As his contribution to this week's Carnival of the Capitalists, the Prudent Investor takes the Fed to task for deciding to stop publishing M3 data. This Austrian blogger believes that 1) the M3 has been expanding at rates that should indicate a strong market in wheelbarrow futures, 2) the Fed is engaged in the beginnings of a coverup that will hide this fact, destroying all US economic forecasting, and 3) the US government bombed the Pentagon on 9/11 to justify a Nazi-like takeover of the country.
You know how we used to talk about the "Vietnam Syndrome," how every war was another Vietnam? Apparently, for some Mittel-Europeans, every large-scale terrorist assault followed by the response of a healthjy society, combined with normal governmental activity, is another Anschluss. No doubt the incipient hyper-inflation is merely another step in Hermann von Rumsfeld's plan for a New American Century fund.
It would help if more than about 1% of his analysis were grounded in fact. Bernanke wants to expand transparency of the Fed's decision-making process, the money supply isn't expanding like a Guth-universe, and Barbara Olsen actually died when her plane hit the Pentagon. Then again, any government capable of turning the Pentagon into the set of Capricorn One could probably fake these numbers more easily then just not publishing them.
What's that point #2 again? The money supply isn't running out of control? Well, not entirely.
Here are the year-over-year graphs for M1 and M2:
And here's the year-over-year for M3:
Sure, it's higher than growth, but by historic levels, it's not particularly high, and through the low-inflation 90s, its margin compared to GDP growth was much higher than it is now.
Where's the extra growth coming from? Here's the Fed's definition of the M3:
M3: M2 plus large-denomination ($100,000 or more) time deposits; repurchase agreements issued by depository institutions; Eurodollar deposits, specifically, dollar-denominated deposits due to nonbank U.S. addresses held at foreign offices of U.S. banks worldwide and all banking offices in Canada and the United Kingdom; and institutional money market mutual funds (funds with initial investments of $50,000 or more).

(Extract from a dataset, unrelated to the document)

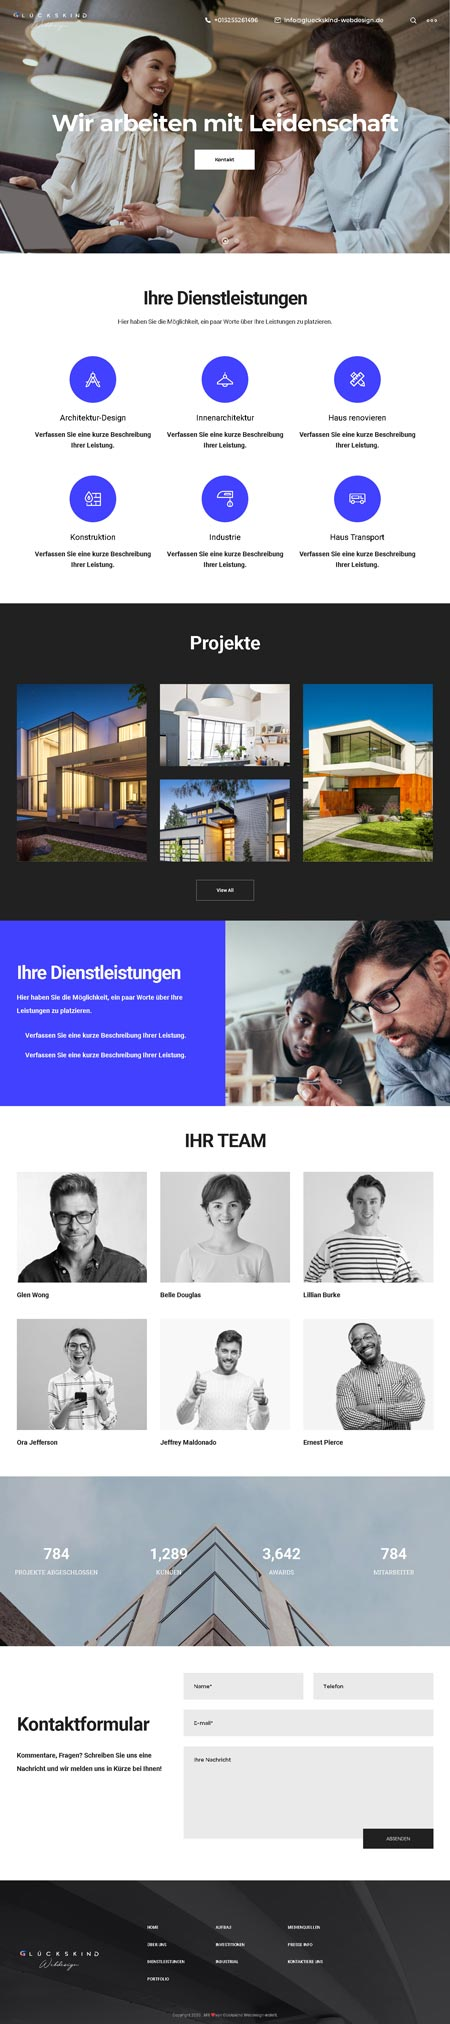 Architekt Libeskind - Glückskind Webdesign Musterkatalog

And here are the M3-specific components:
Which one of these things is not like the others? Why, it's large-denomiation (read: institutional) time-deposits! That's where the M3 growth is coming from. Companies with too much cash, looking for places to invest. There are some signs that inflation could become a problem, including high metals prices, some evidence from the price indices, and lots of purchasing- and supply-manager survey data. But the money supply itself doesn't look like it's flying off into space.
Comments
Joshua,
if you were to read my posts thoroughly you would not be so polemic to say only 1% is founded on facts. I put all the links I base my argumentation on in them. 50% of New Yorker's share my opinion that 9/11 was an inside job. Show me another skyscraper that came down after burning for 102 minutes. Pictures of torture in Abu Ghraib went around the world. 250 million Americans did NOT vote for Bush. The dumb-heads are a minority, thank god for the USA.
Shalom
Posted by: Toni Straka | November 18, 2005 3:19 PM
Evidently, I wasn't clear. The "1% right" I mentioned was referring to your comments about M3.
My apologies for any confusion this may have caused.